* _WHAT THE TASK ASKS_
The lines below must be transcribed exactly as given, with the images removed.
(MATERIAL PROVIDED)
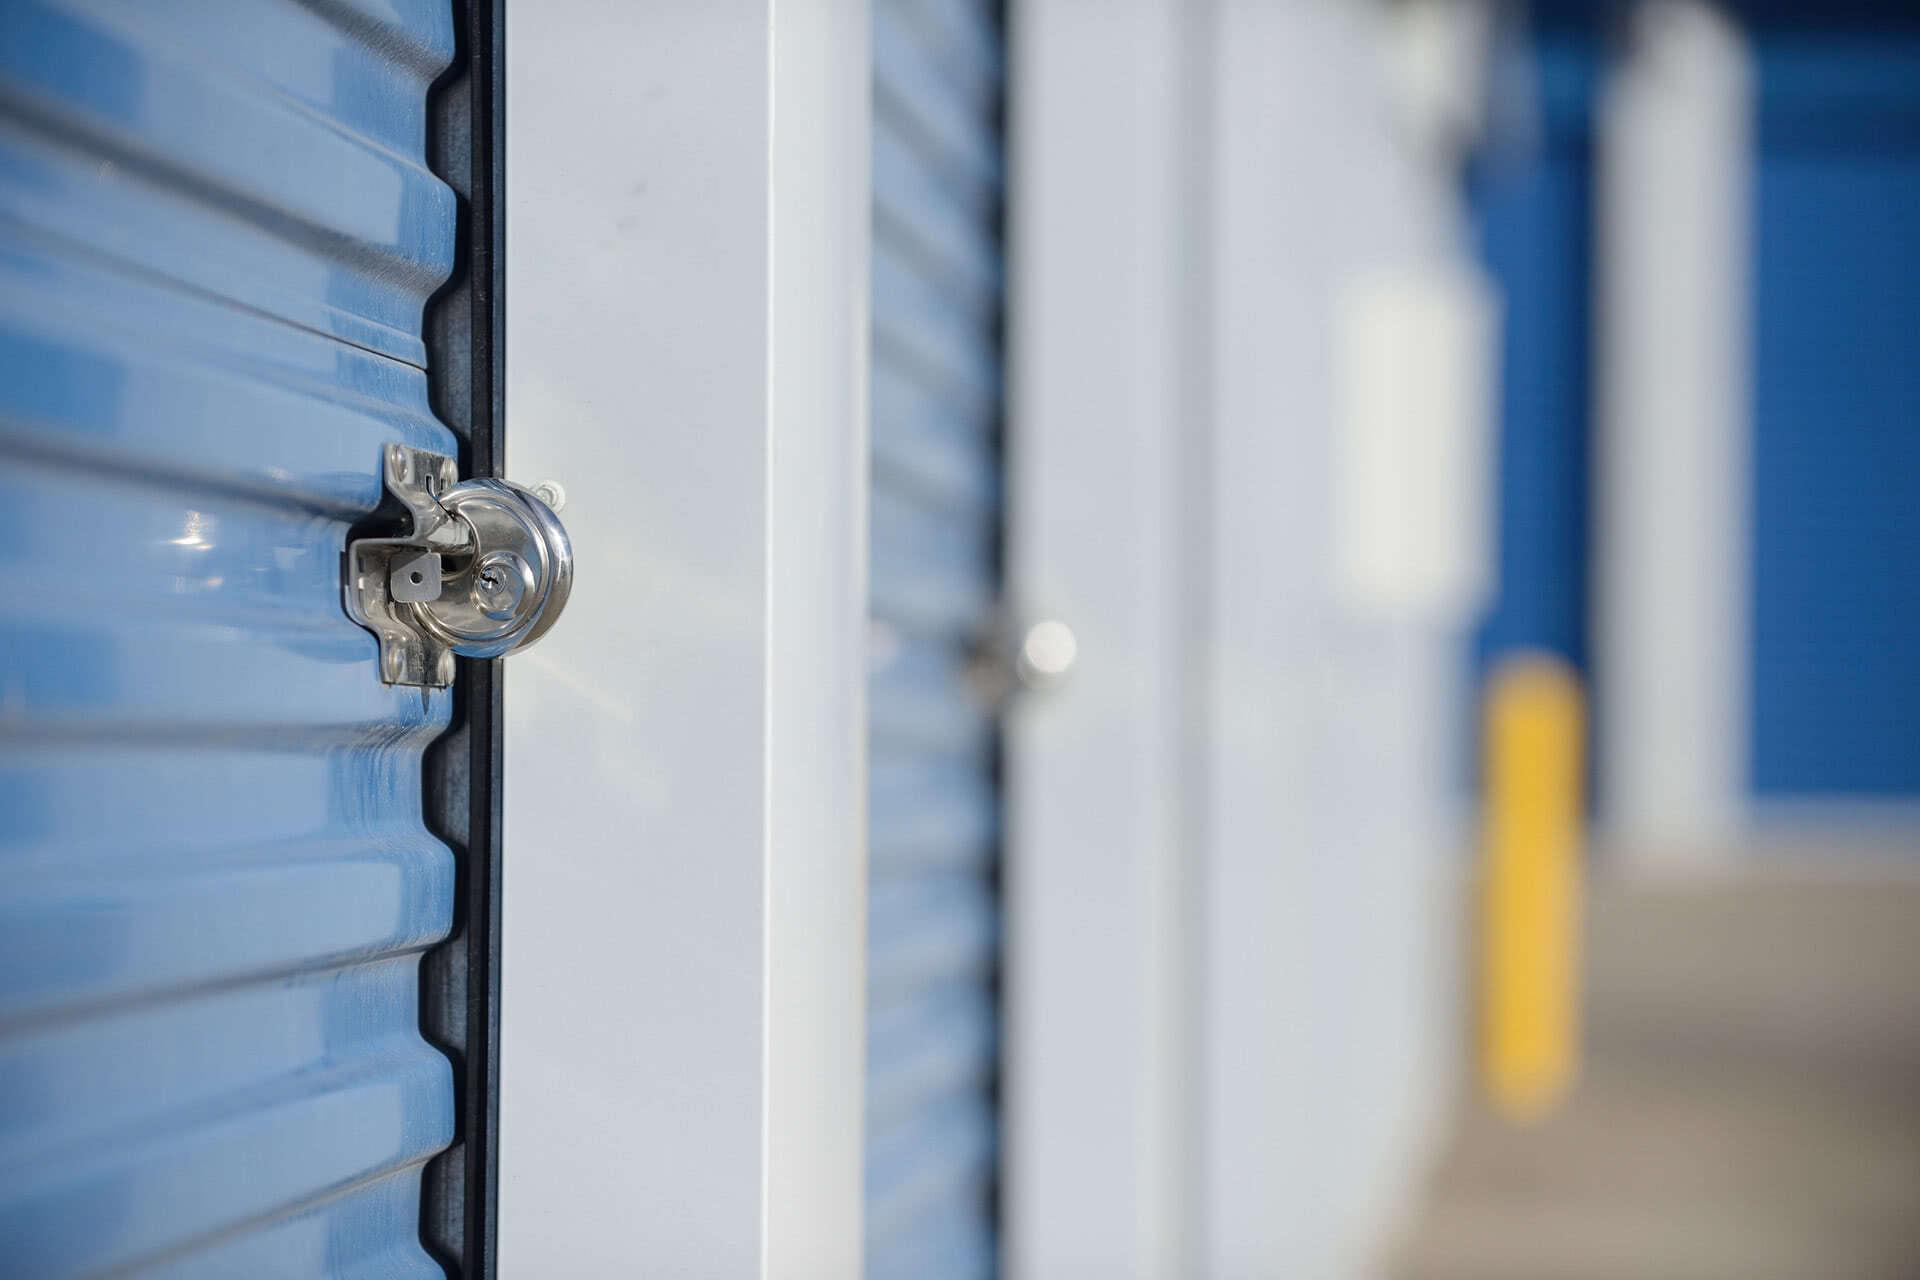 Closeup of blue self storage locker
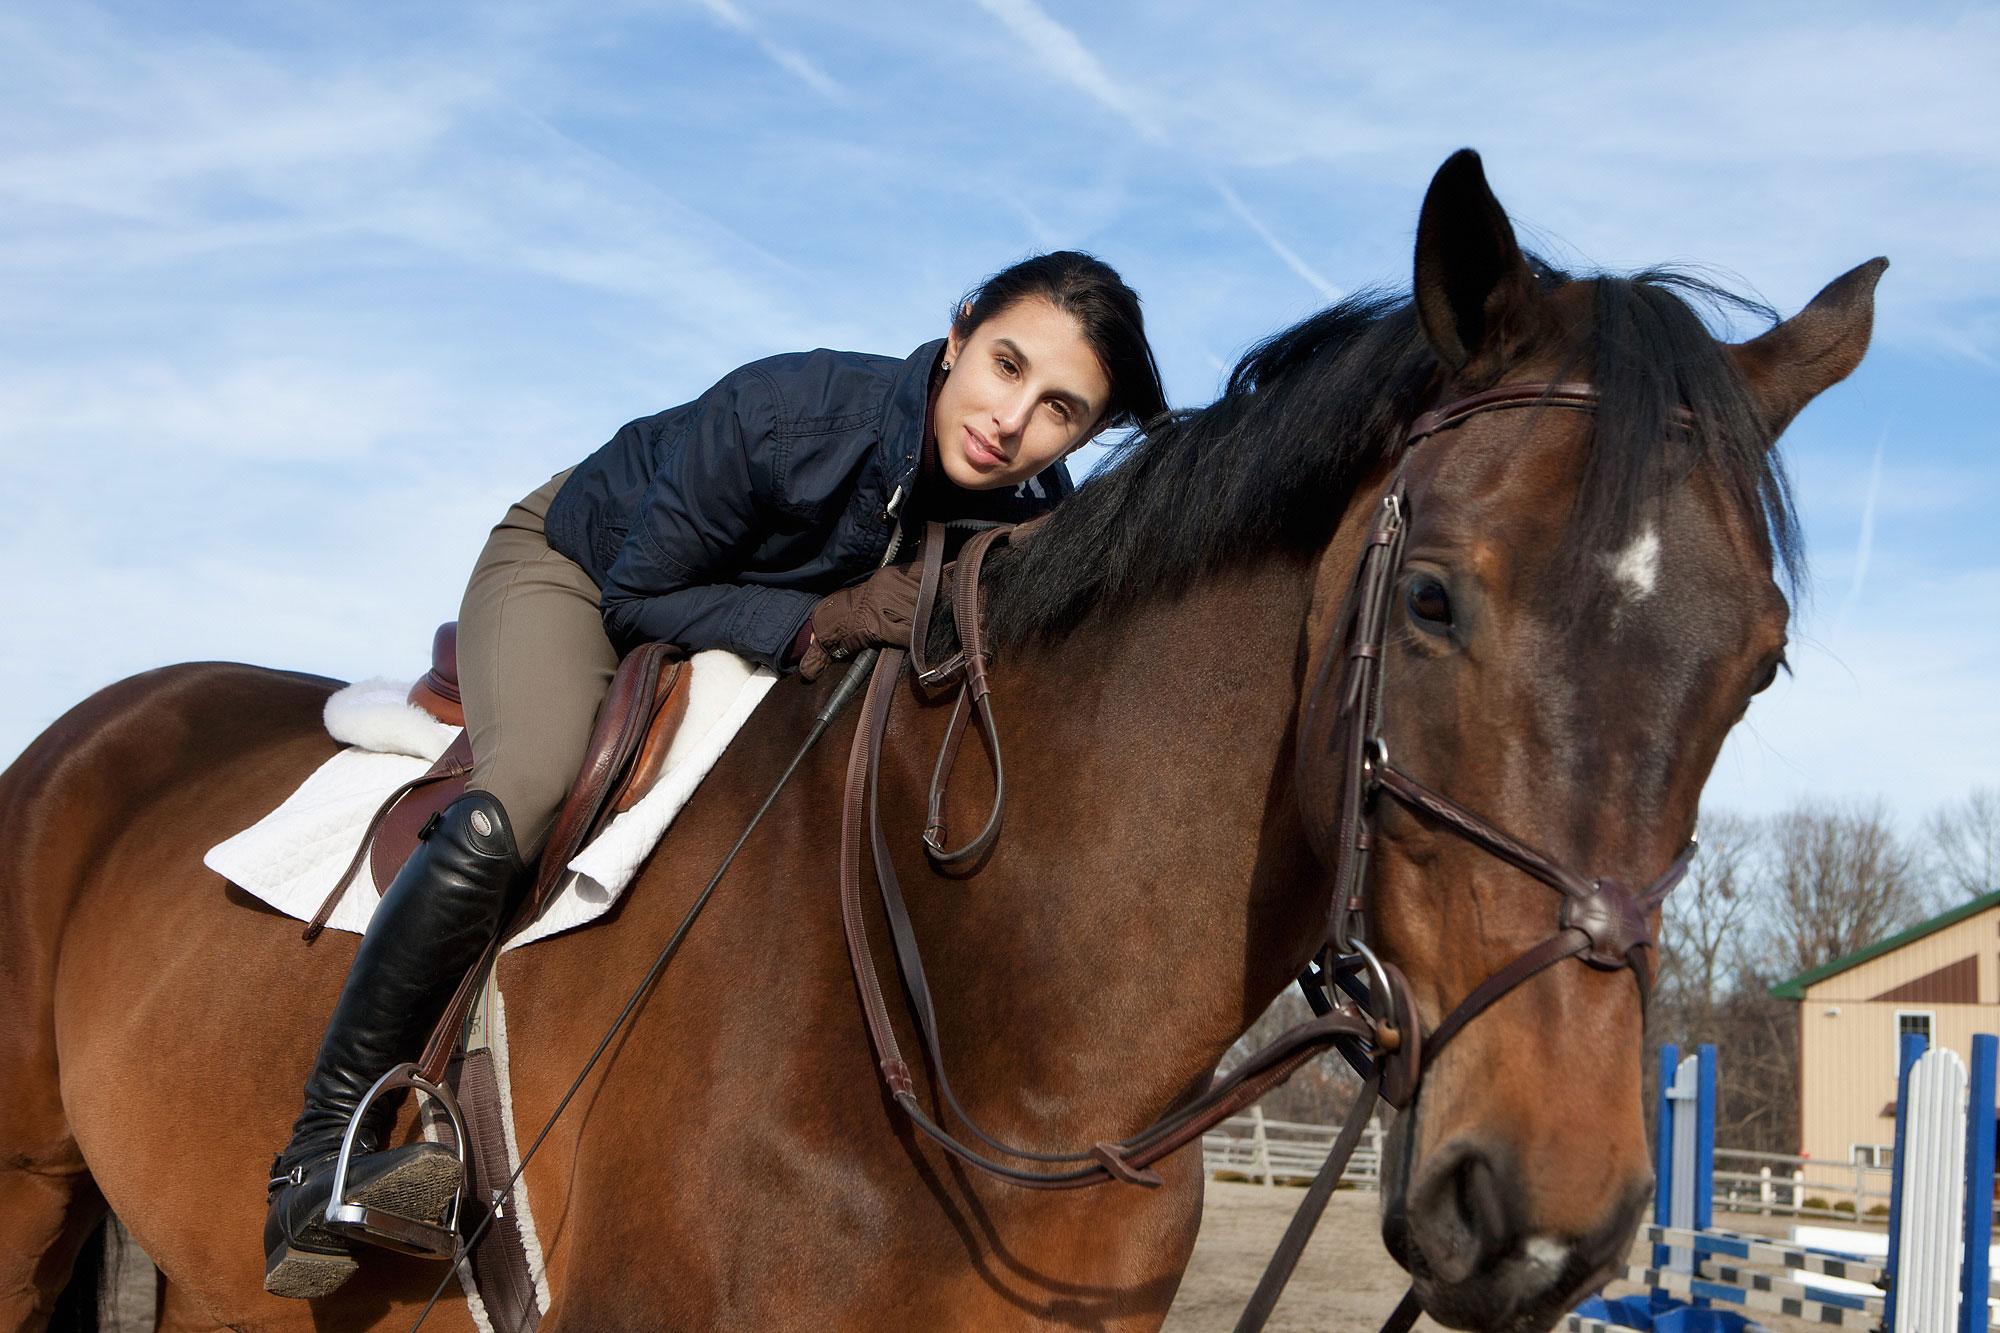 CareyKirkella_08_111119_Annabel_Horses_0675_web.jpg
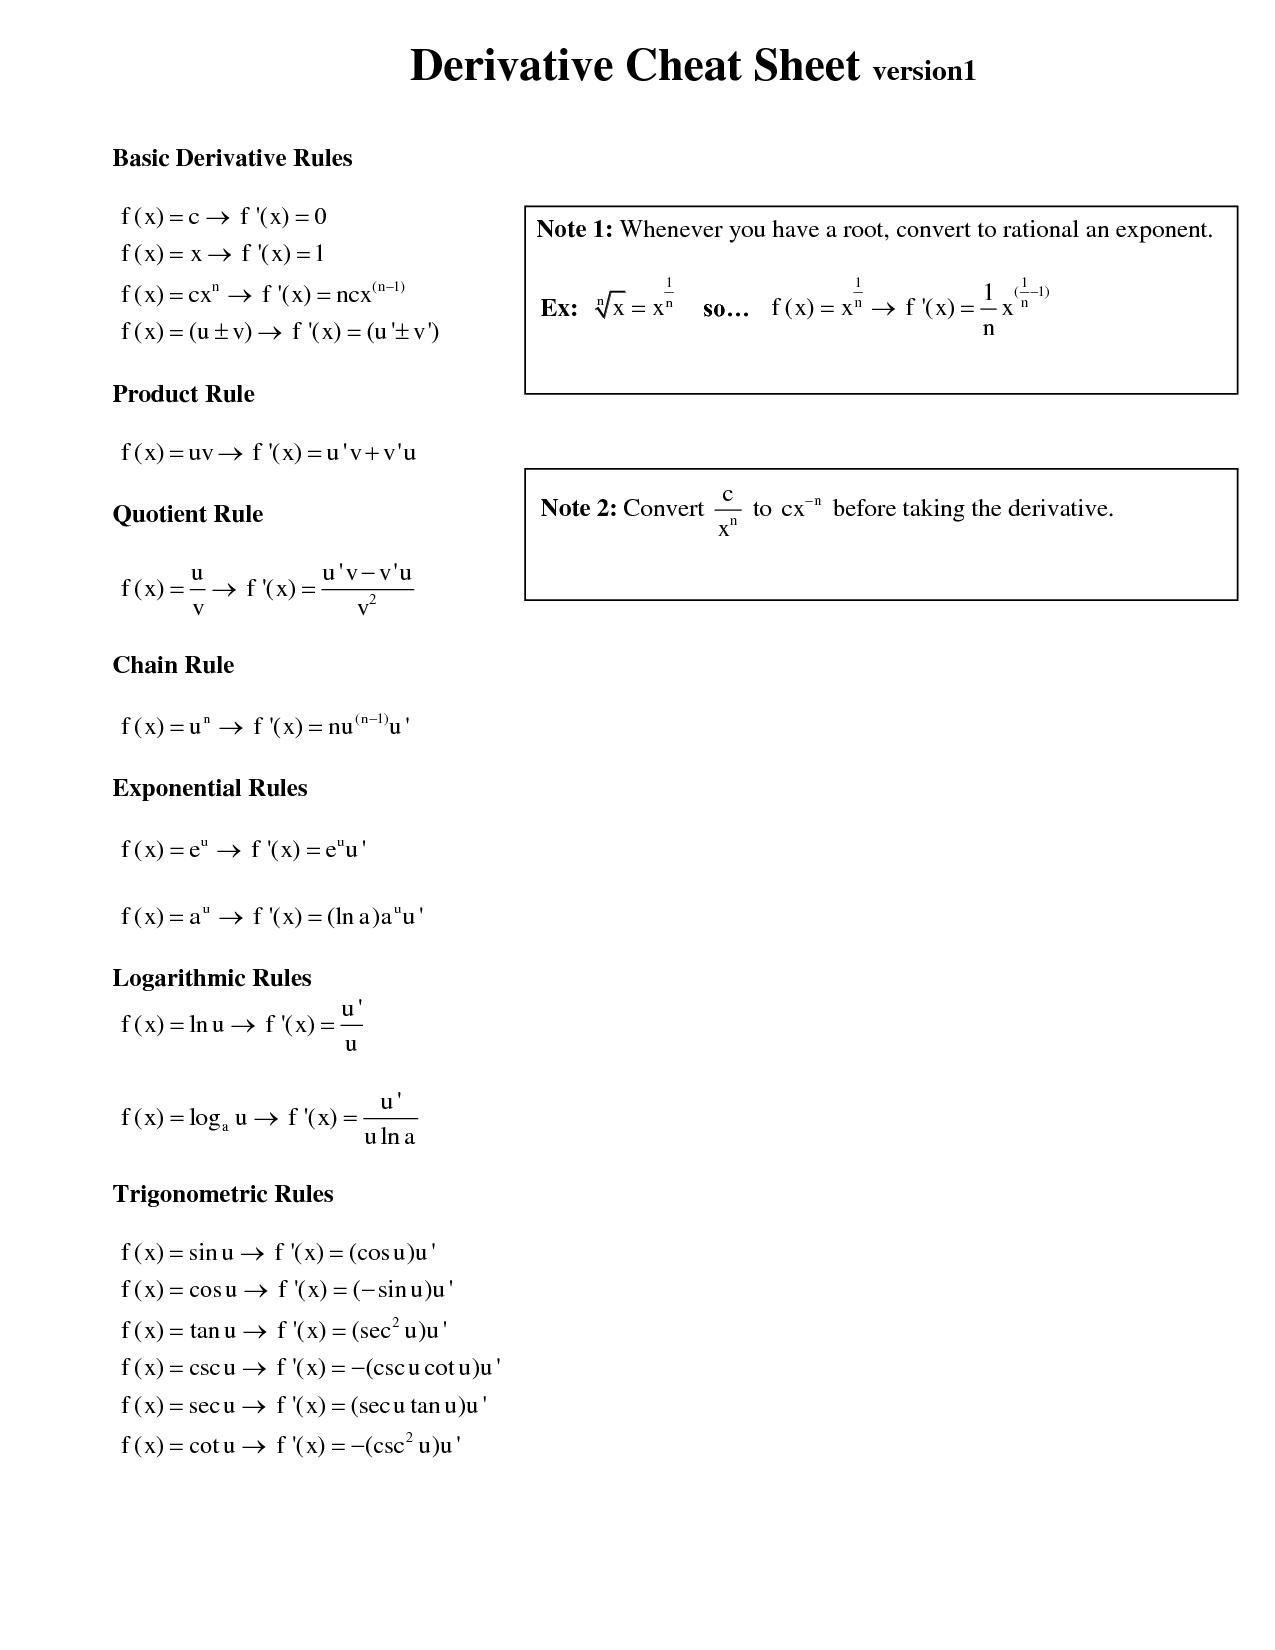 differentiation cheat sheet Derivative rules d ()xnnxn1 dx = − ()sin cos d x x dx = ()cos sin d x x dx =− d ()aax ln x dx =⋅a ()tan sec2 d x x dx = ()cot csc2 d x x dx =− ()() () () d f xgx fxgx gx fx dx ⋅=⋅ +⋅′′ ()sec sec tan d x x dx = x ()csc csc cot d x xx dx =− ()2 dfx gxfx fxgx.
(End MATERIAL PROVIDED)
* _RESULT FOR THIS TASK_
 Closeup of blue self storage locker
 CareyKirkella_08_111119_Annabel_Horses_0675_web.jpg
 differentiation cheat sheet Derivative rules d ()xnnxn1 dx = − ()sin cos d x x dx = ()cos sin d x x dx =− d ()aax ln x dx =⋅a ()tan sec2 d x x dx = ()cot csc2 d x x dx =− ()() () () d f xgx fxgx gx fx dx ⋅=⋅ +⋅′′ ()sec sec tan d x x dx = x ()csc csc cot d x xx dx =− ()2 dfx gxfx fxgx.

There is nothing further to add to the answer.